Supplied information »
---*---
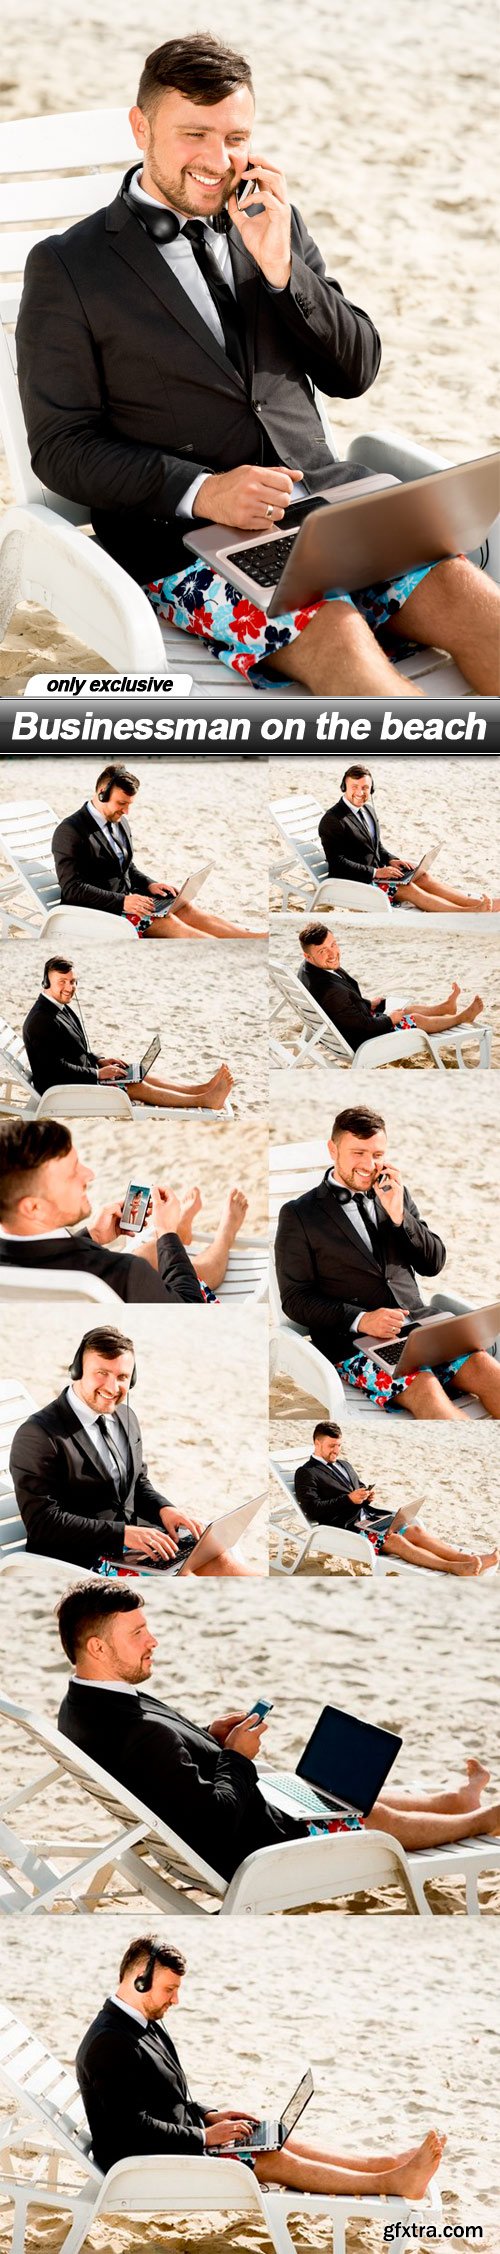 Businessman on the beach - 10 UHQ JPEG
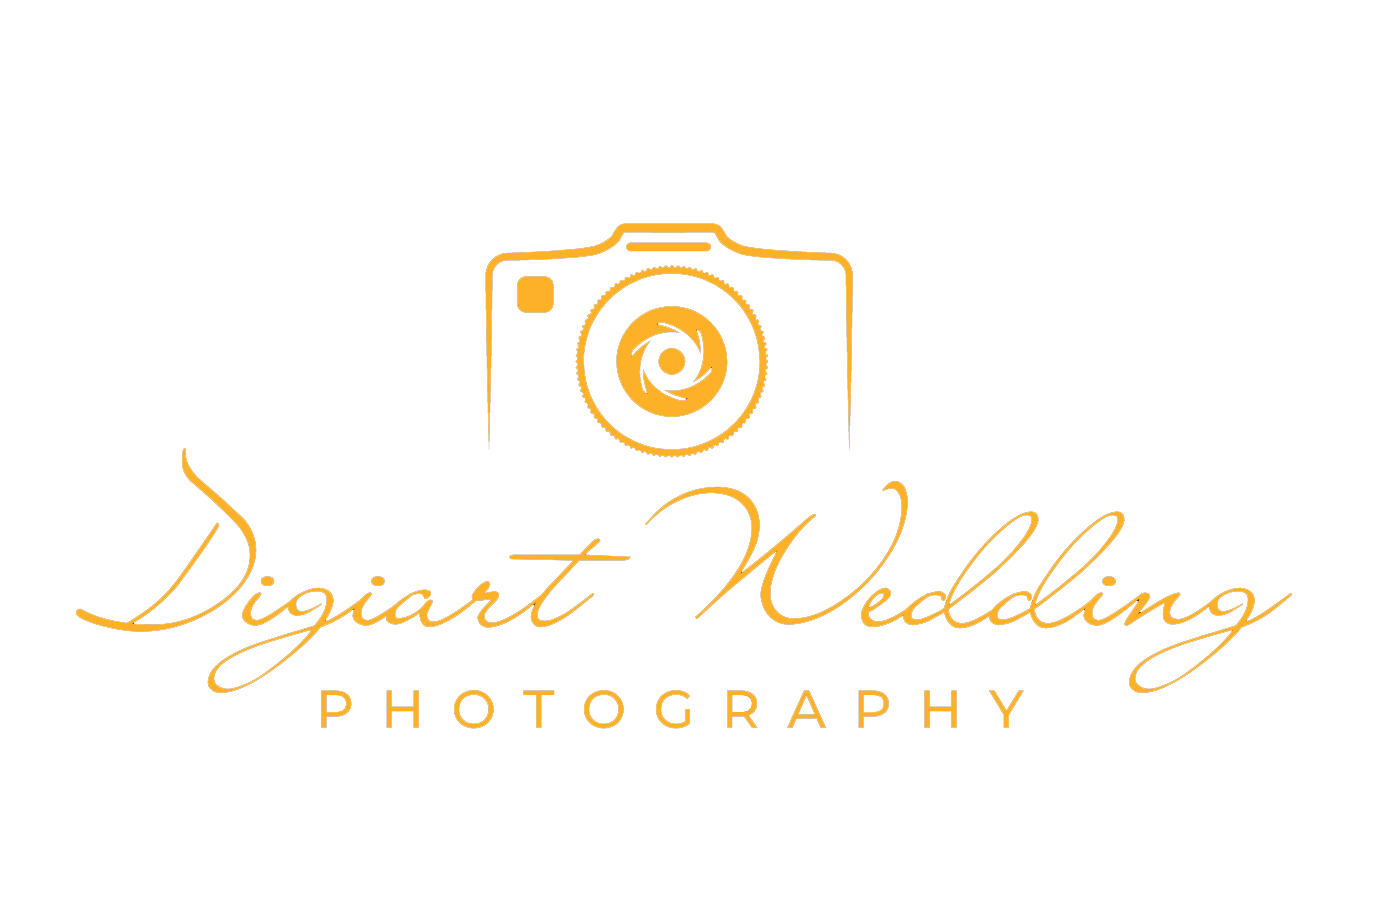 digiart wedding photography logo in hd
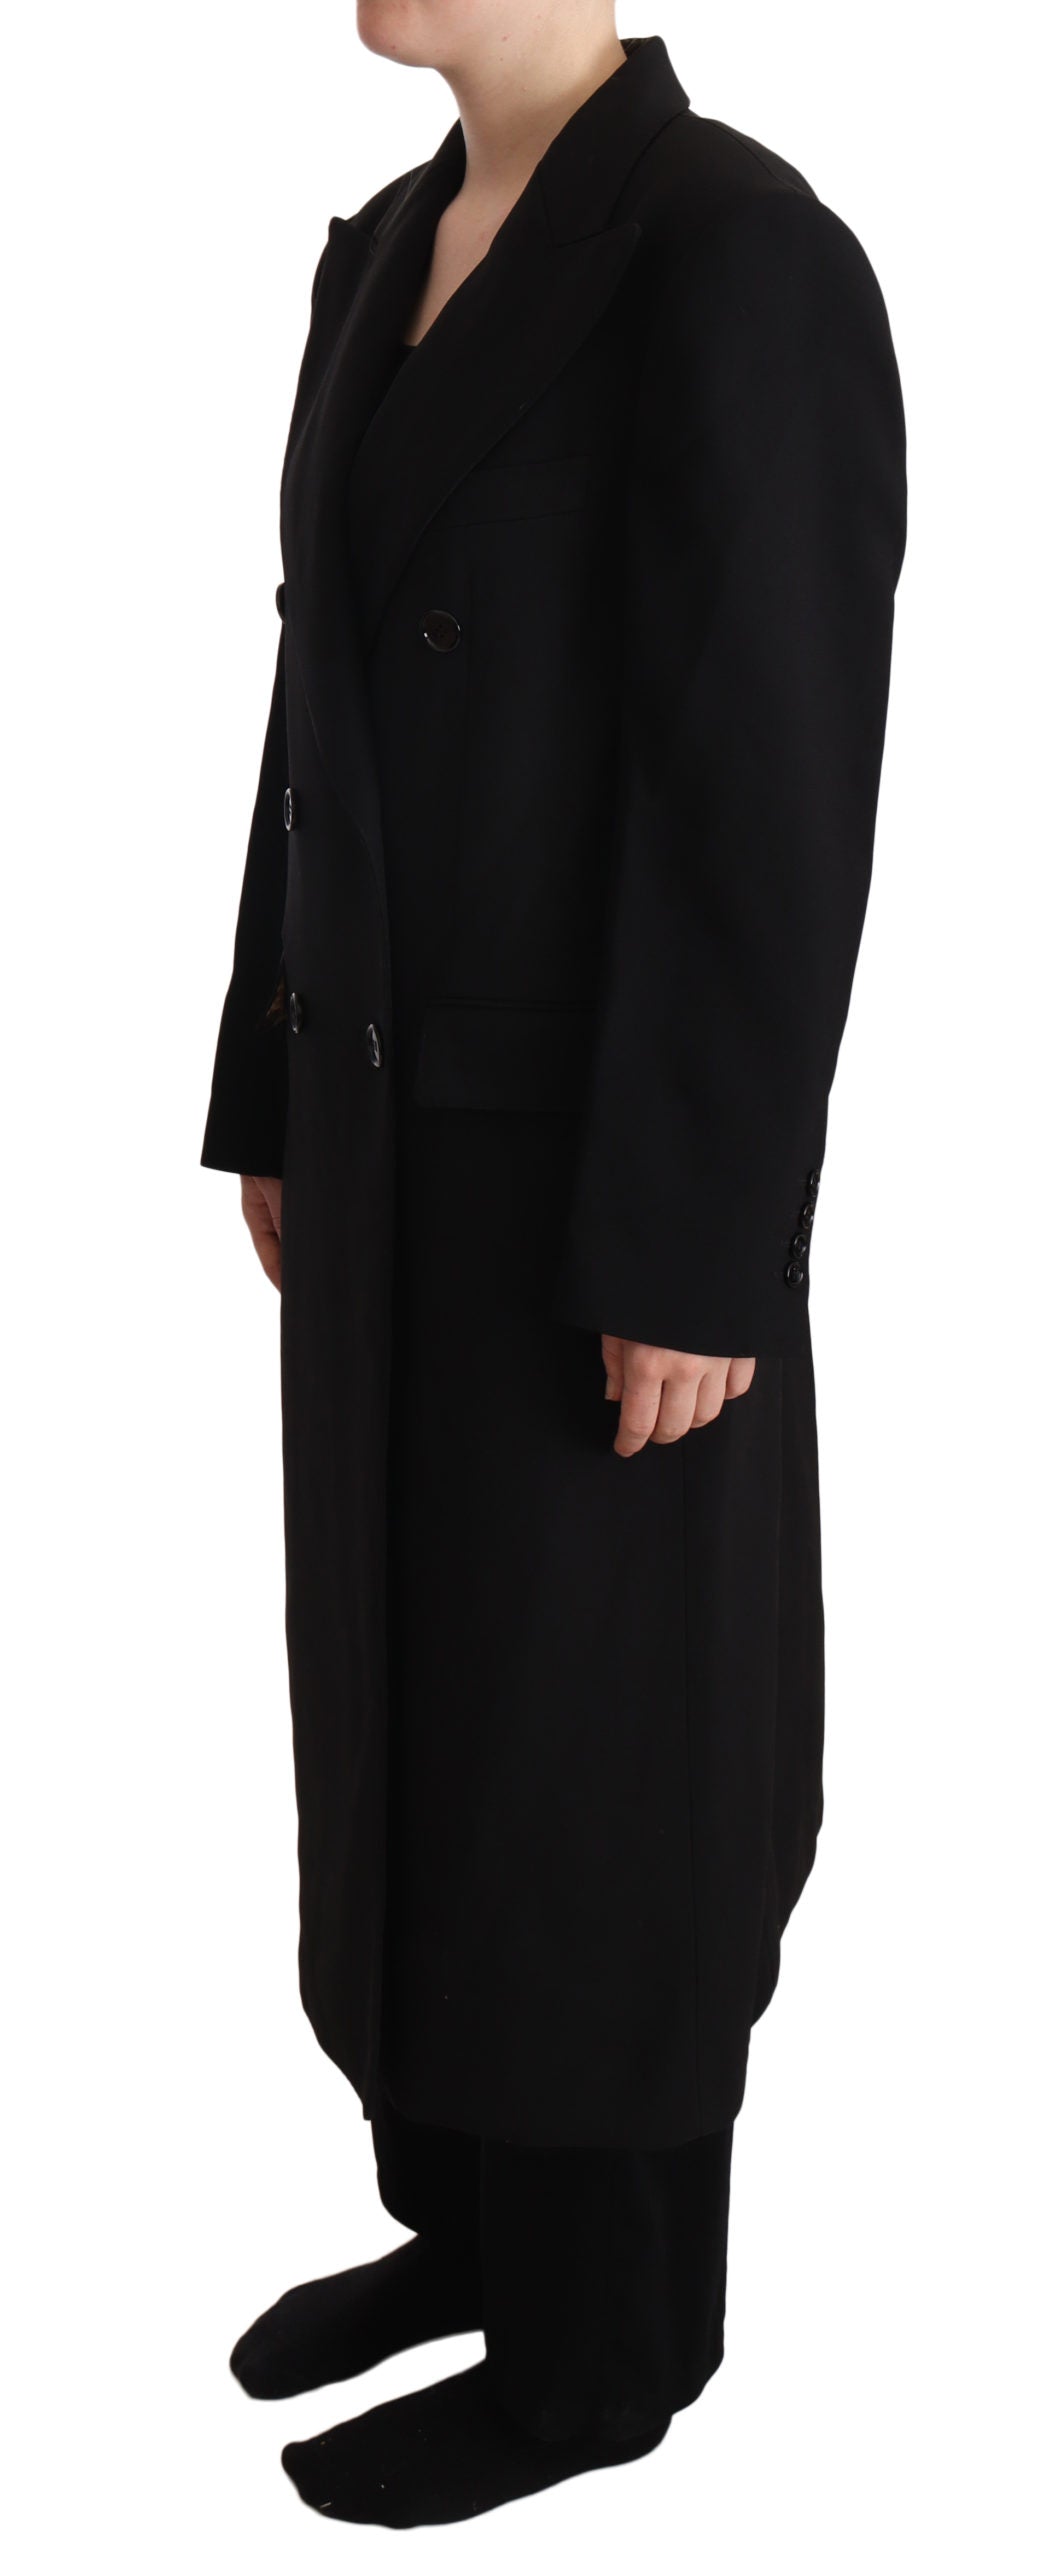 Black Double Breasted Overcoat Jacket
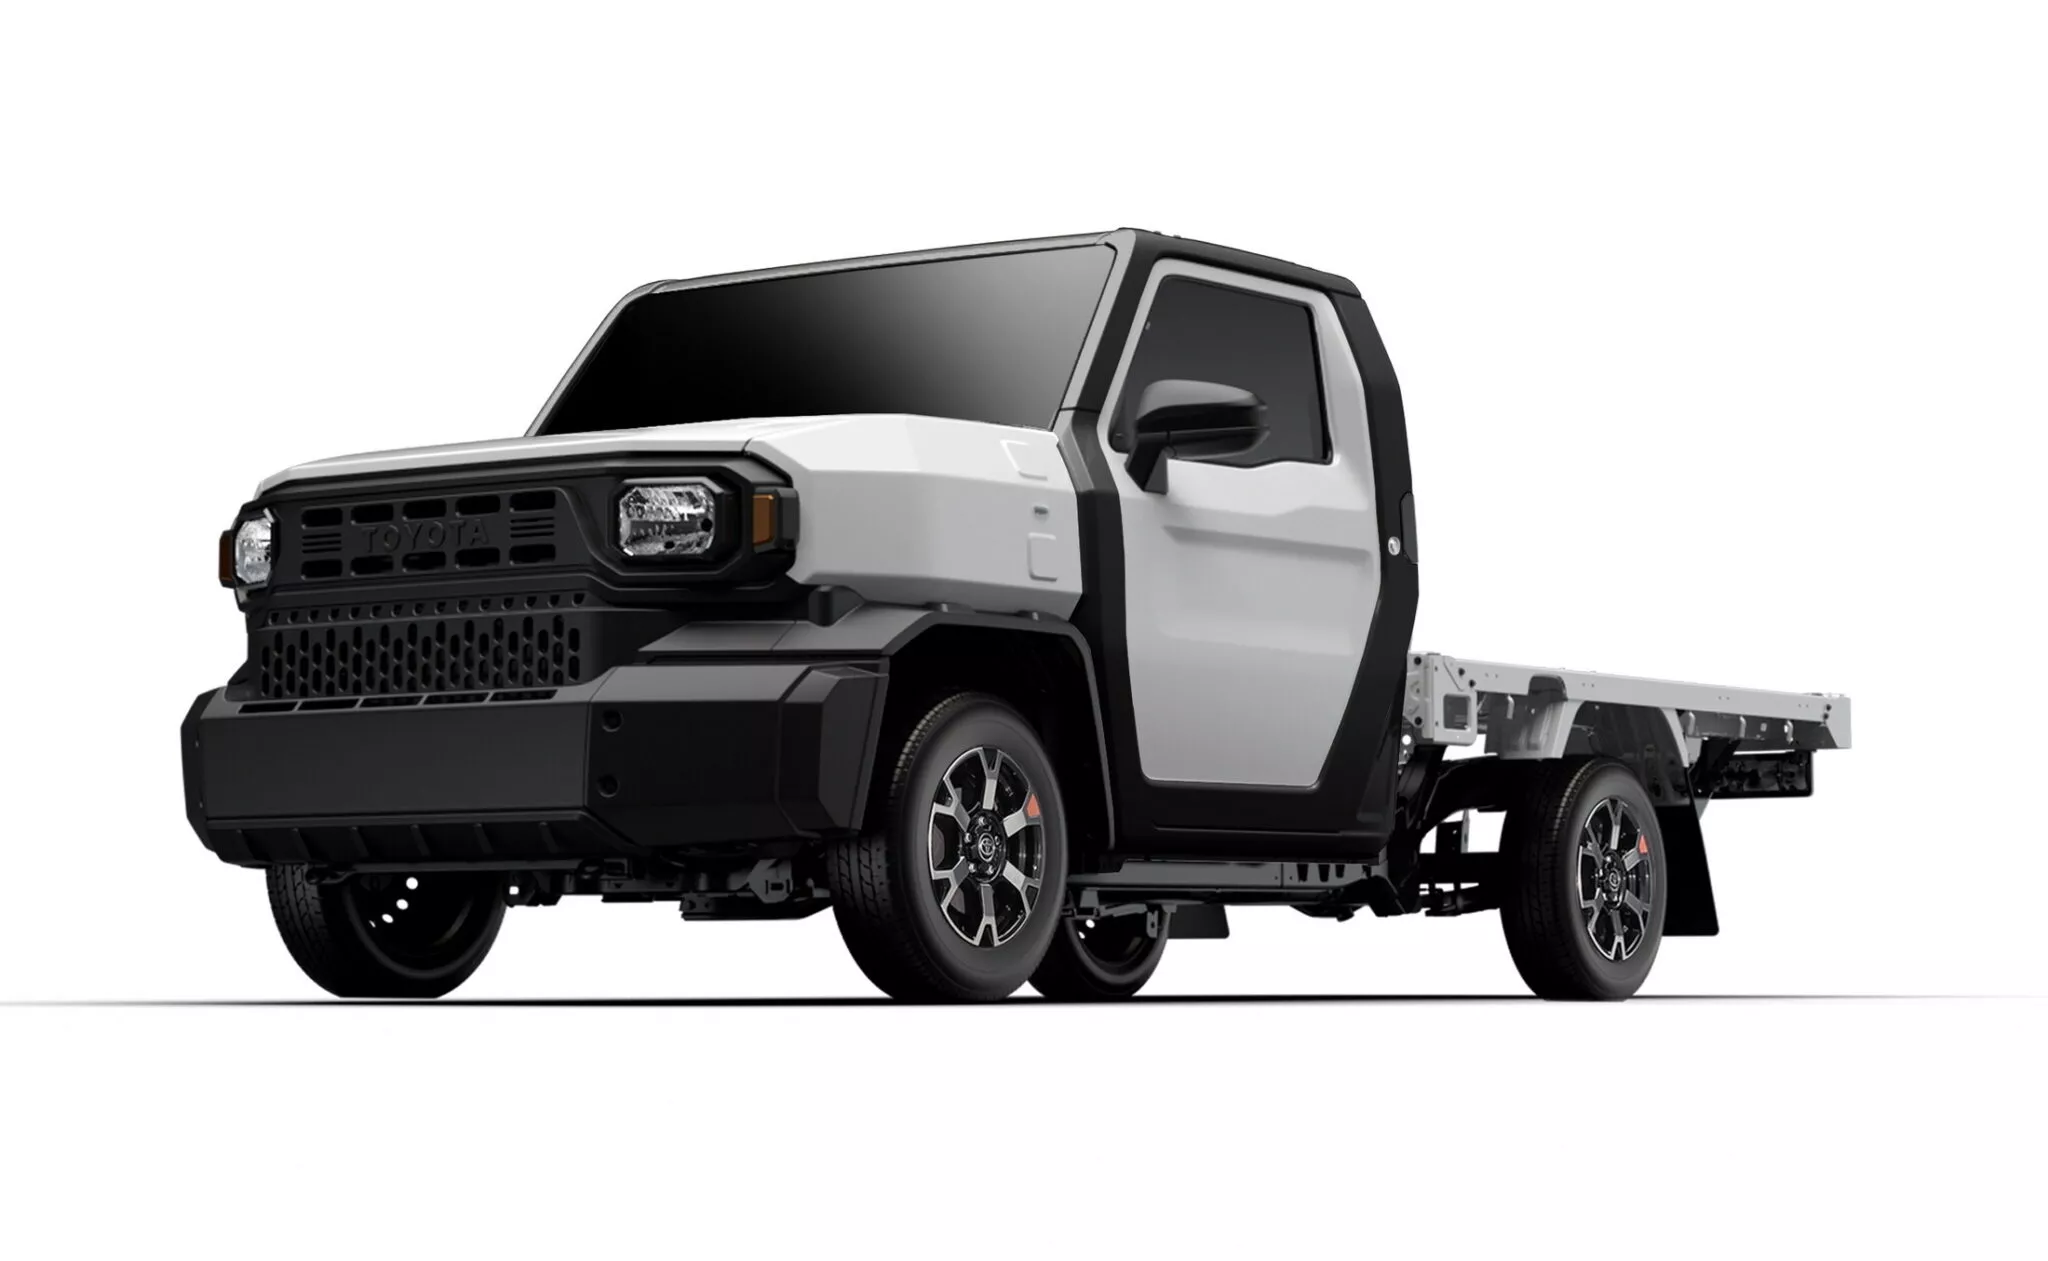 Toyota IMV 0: Hilux-sized pickup with unlimited customization capability toyota-imv-0-japan-mobility-show-2023-1-2048x1261.webp
---*---
Goal of the exercise » The copy should match each line above exactly and contain no images.

Task output »
 Businessman on the beach - 10 UHQ JPEG
 digiart wedding photography logo in hd
 Black Double Breasted Overcoat Jacket
 Toyota IMV 0: Hilux-sized pickup with unlimited customization capability toyota-imv-0-japan-mobility-show-2023-1-2048x1261.webp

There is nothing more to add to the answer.